START Given material

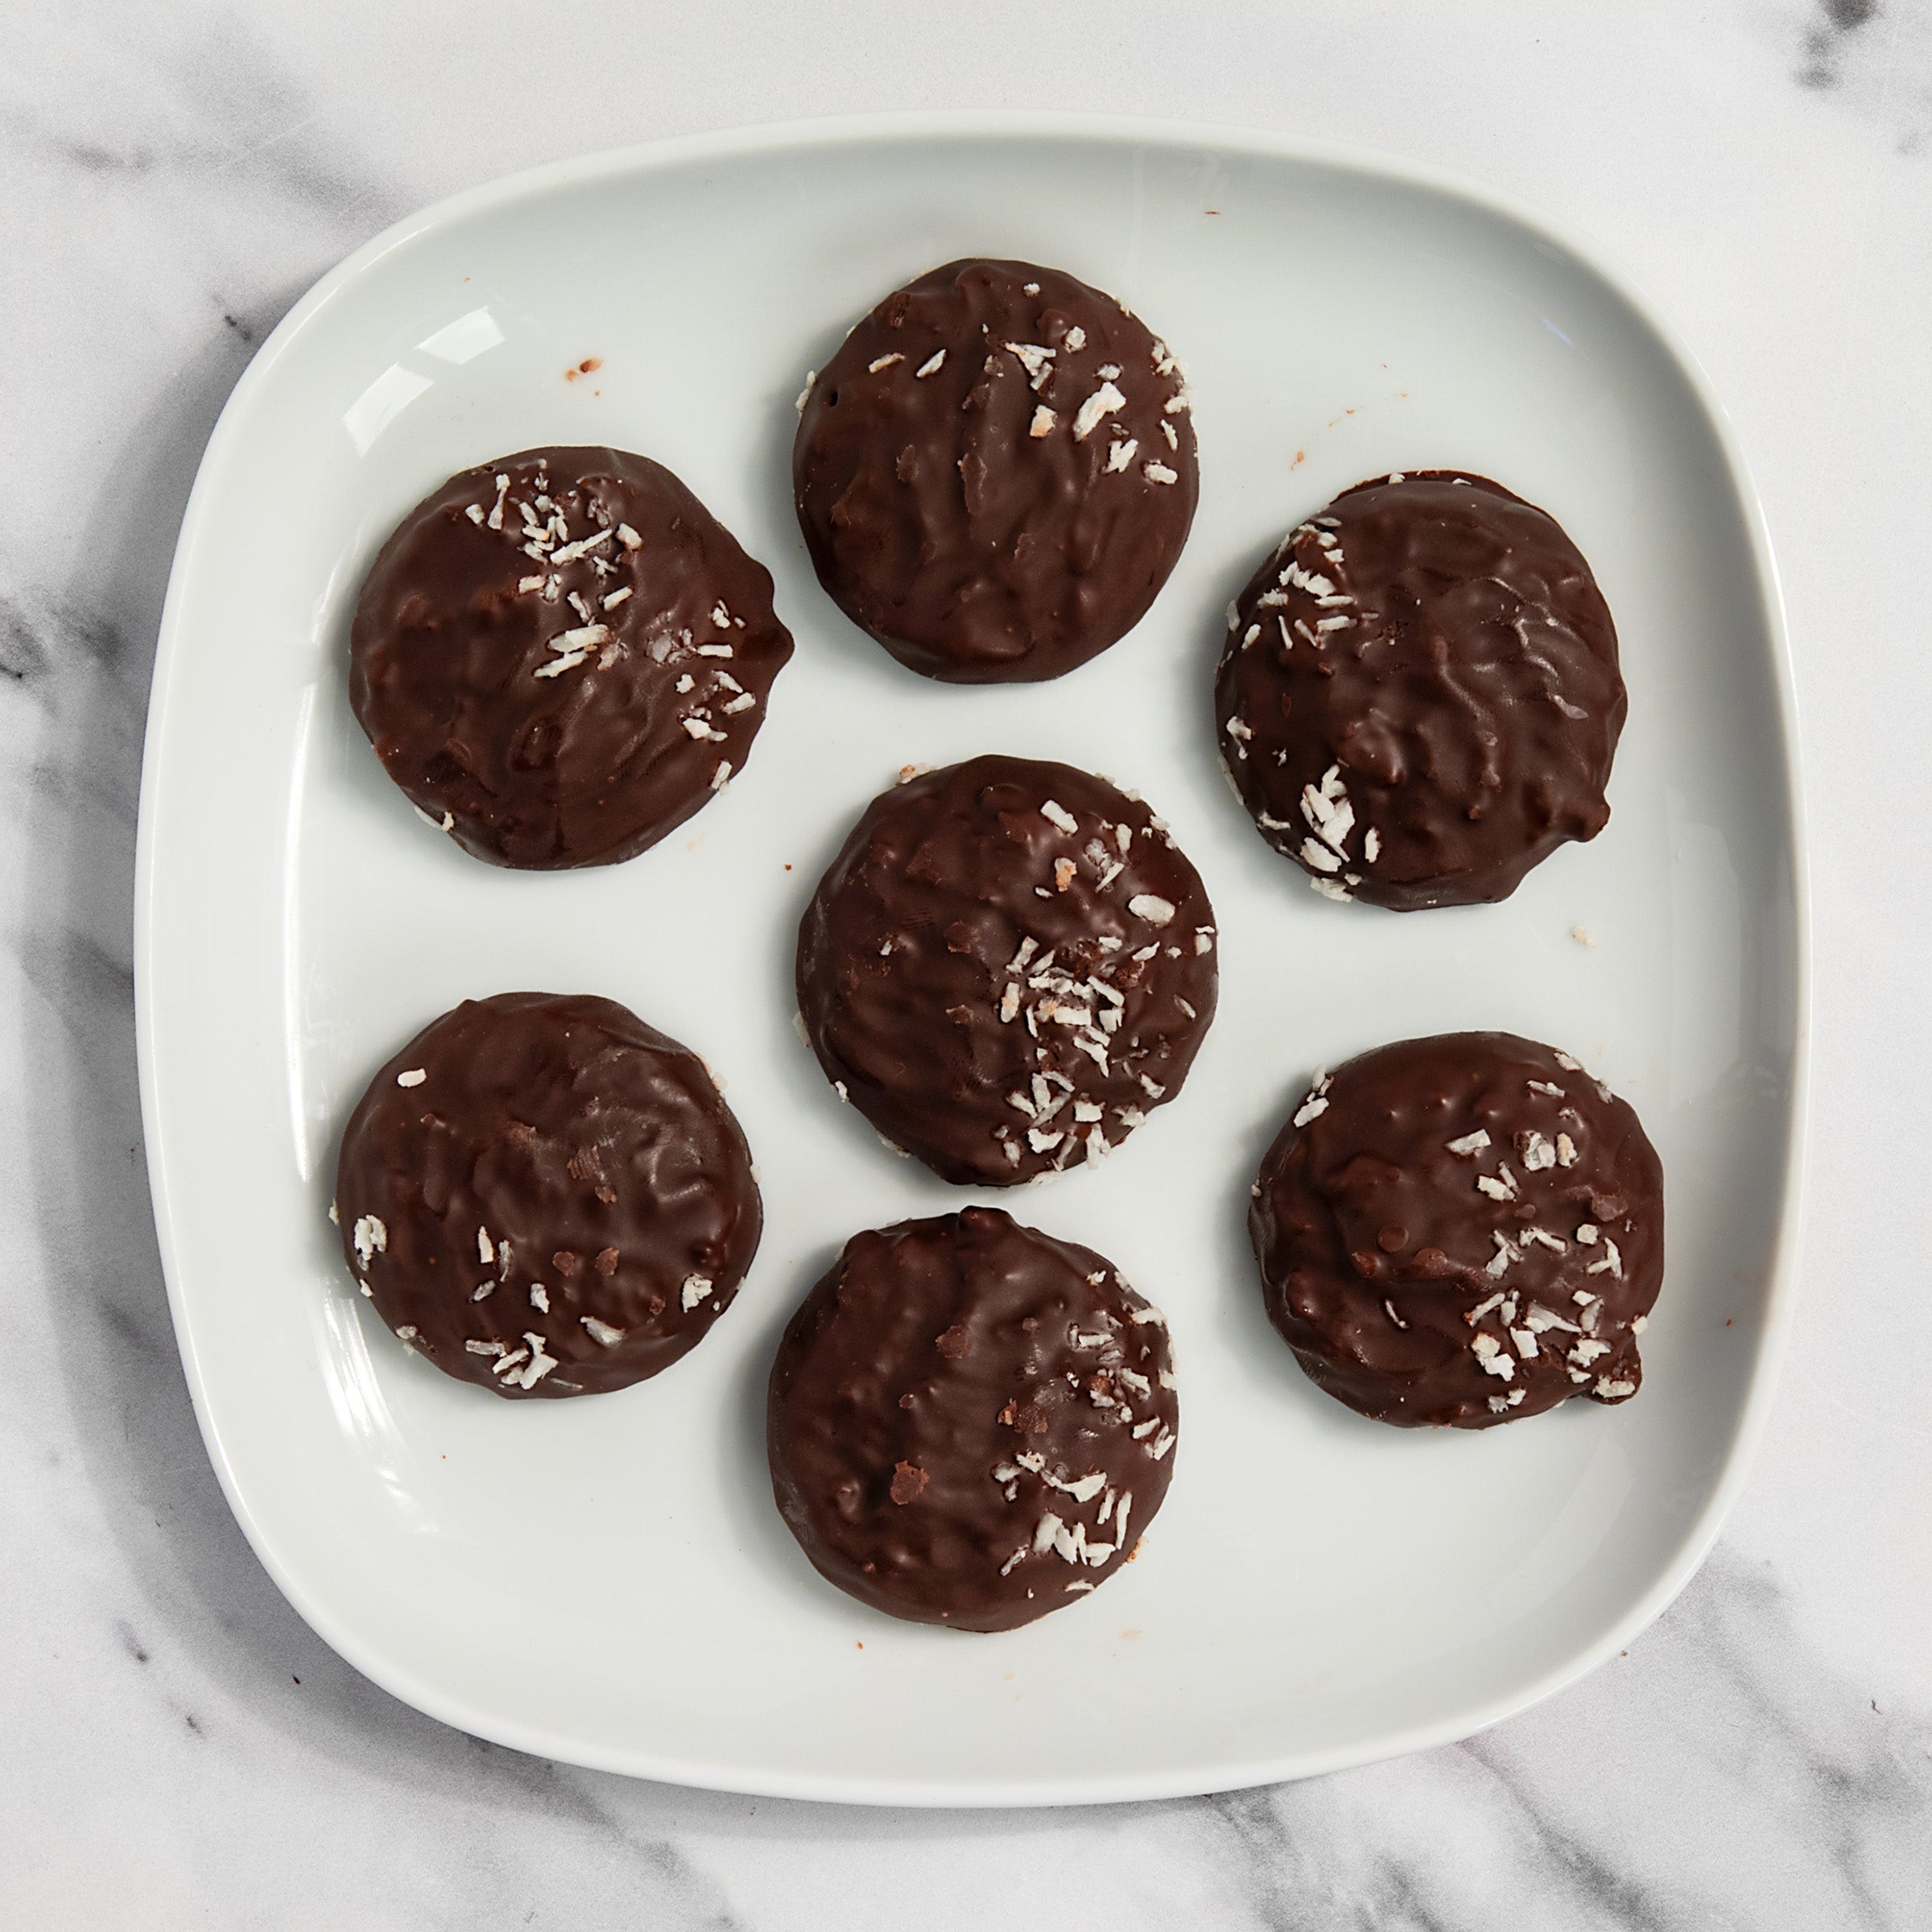 igourmet_15848_Coconut Biscuits with Dark Chocolate Glaze_Bottega Pisani_Cookies & Biscuits
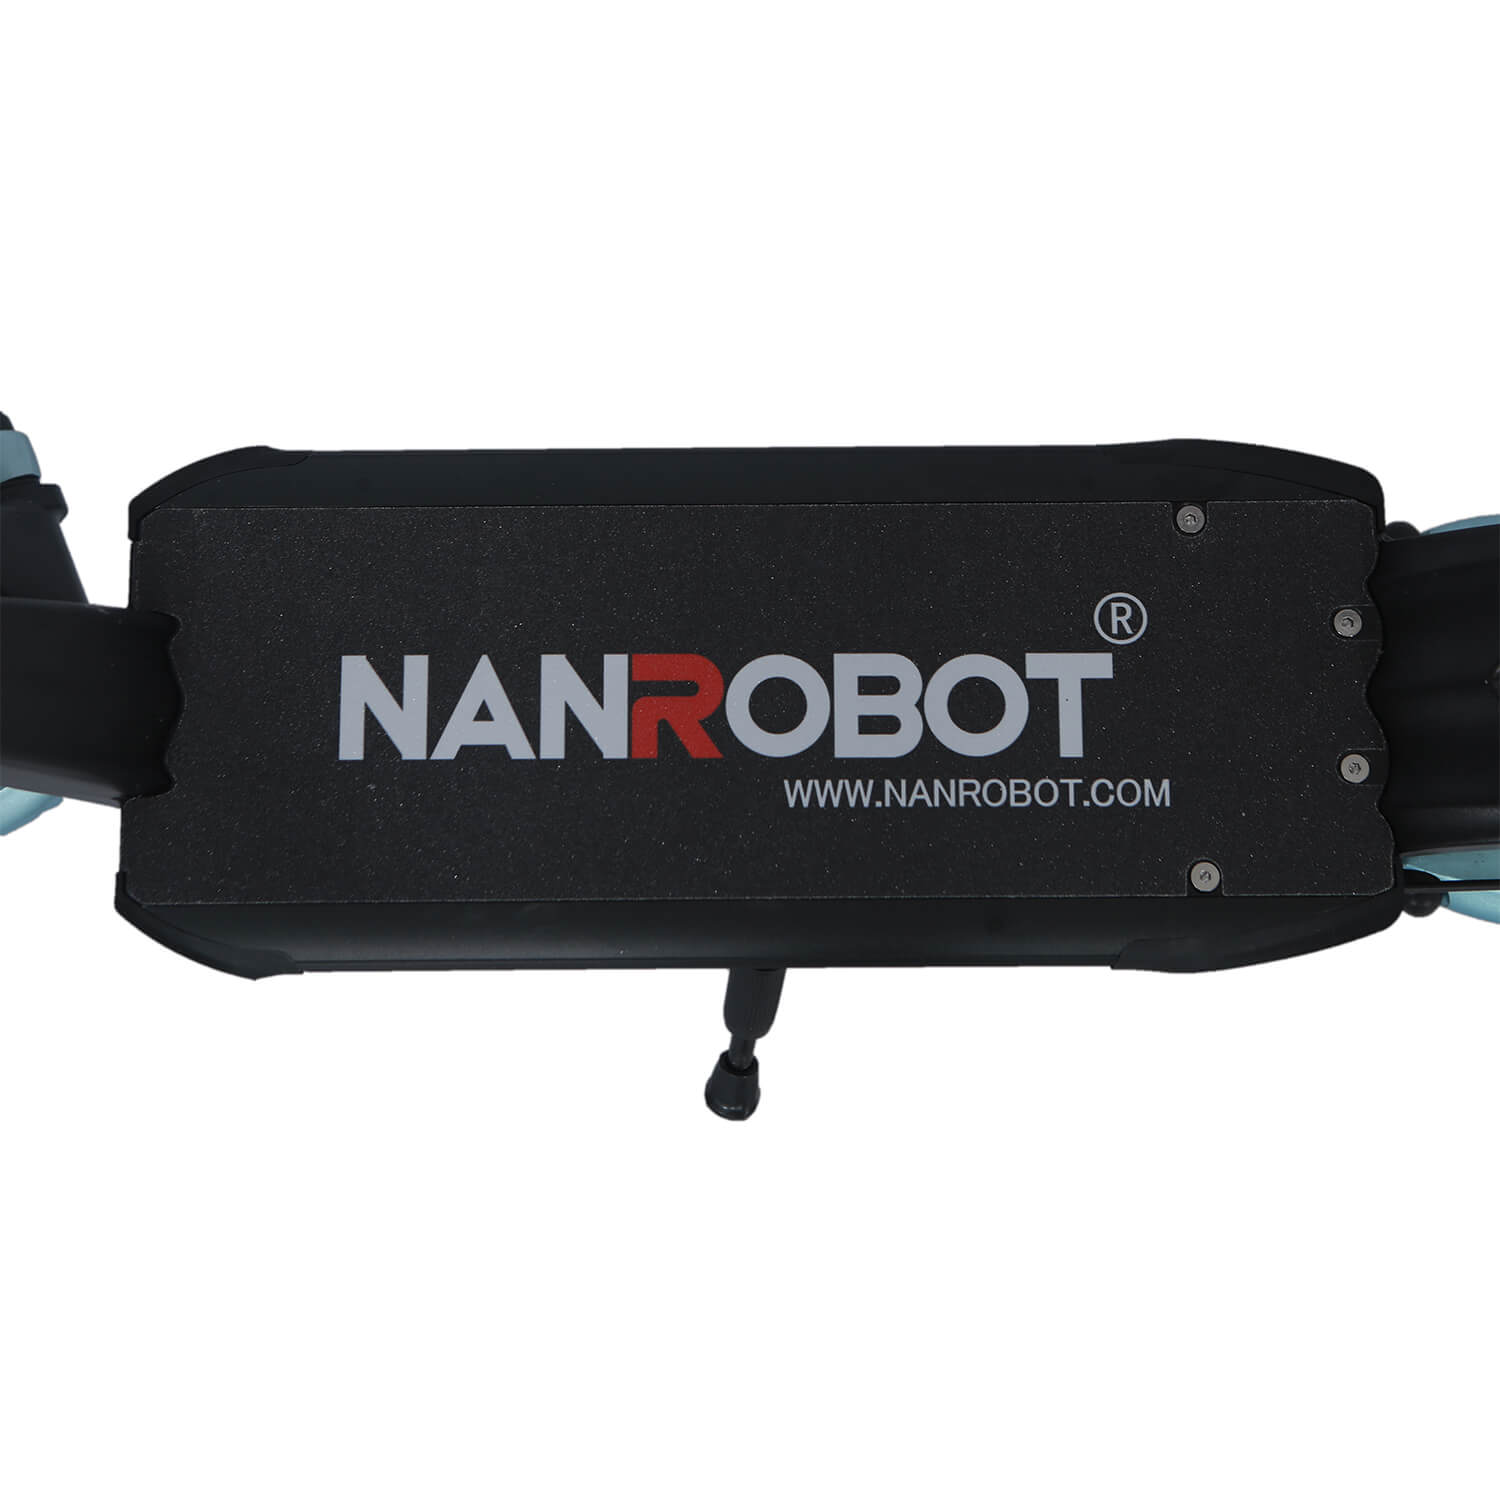 NANROBOT LIGHTNING ELECTRIC SCOOTER 8”WIDE WHEEL EVOLUTION-1600W-48V 18Ah - NANROBOT
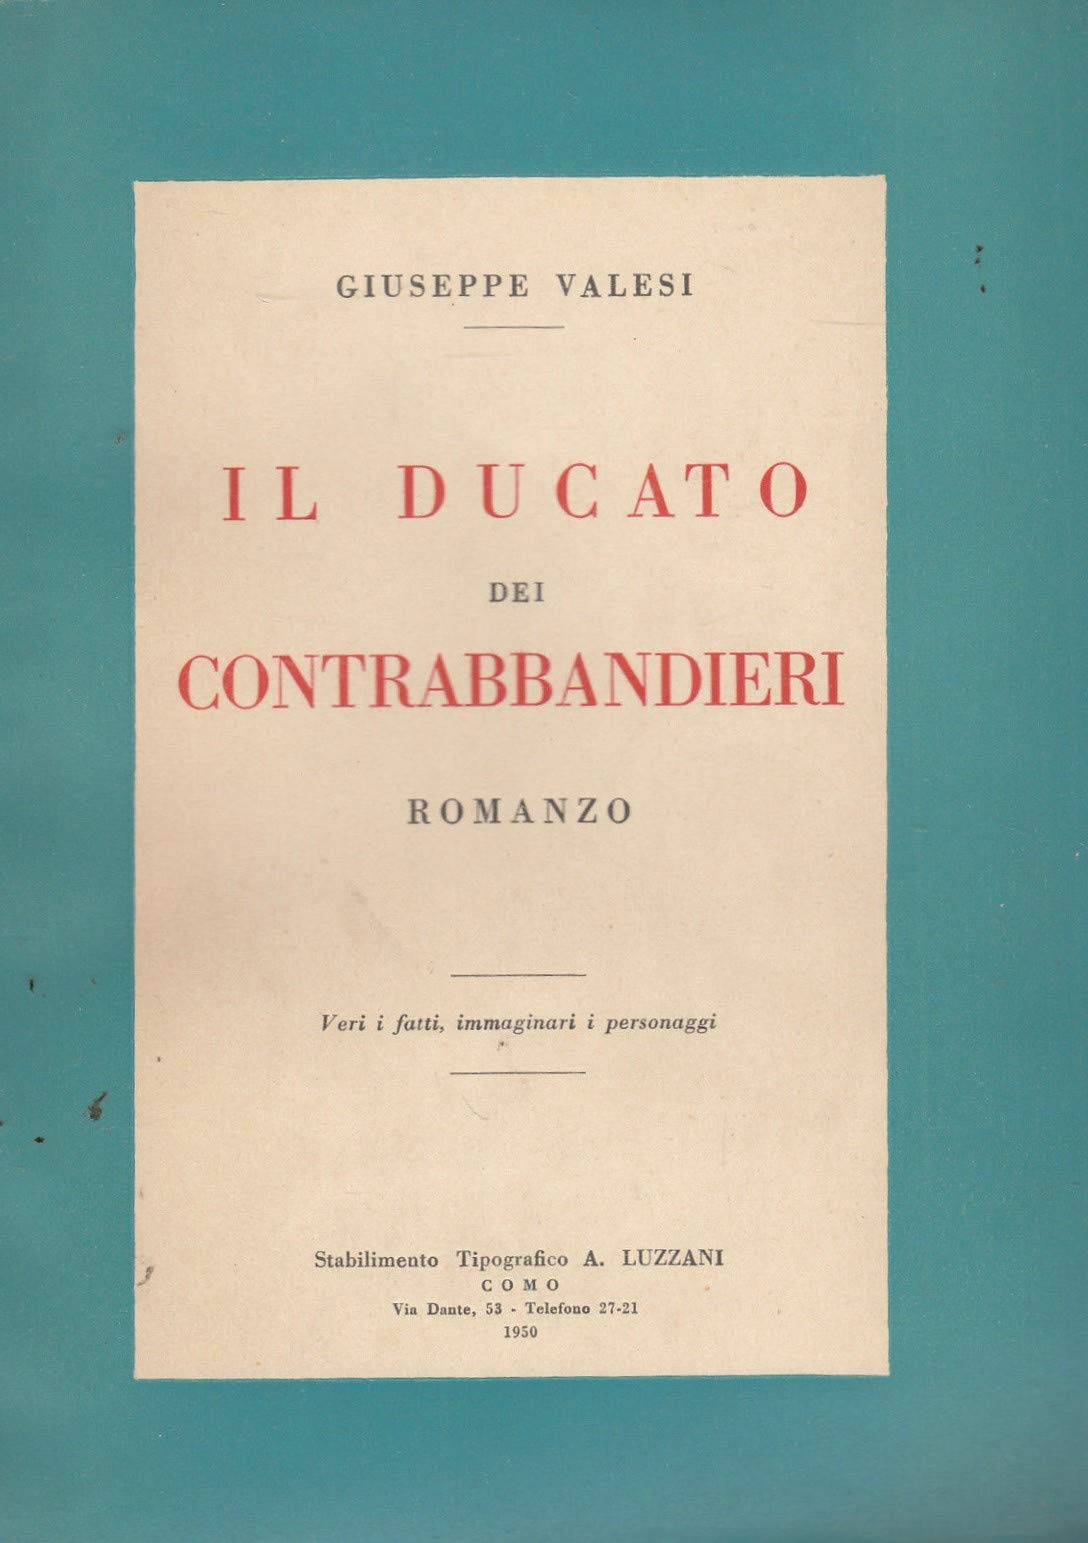 Libri Valesi Giuseppe - Il Ducato Dei Contrabbandieri. Veri I Fatti, Immaginari I Personaggi NUOVO SIGILLATO SUBITO DISPONIBILE

END Given material

**What this task involves**
From the material above, write out exactly the lines from the line with "NANROBOT LIGHTNING ELECTRIC" through the closing line, inclusive, and no pictures.

**Task result**
 NANROBOT LIGHTNING ELECTRIC SCOOTER 8”WIDE WHEEL EVOLUTION-1600W-48V 18Ah - NANROBOT
 Libri Valesi Giuseppe - Il Ducato Dei Contrabbandieri. Veri I Fatti, Immaginari I Personaggi NUOVO SIGILLATO SUBITO DISPONIBILE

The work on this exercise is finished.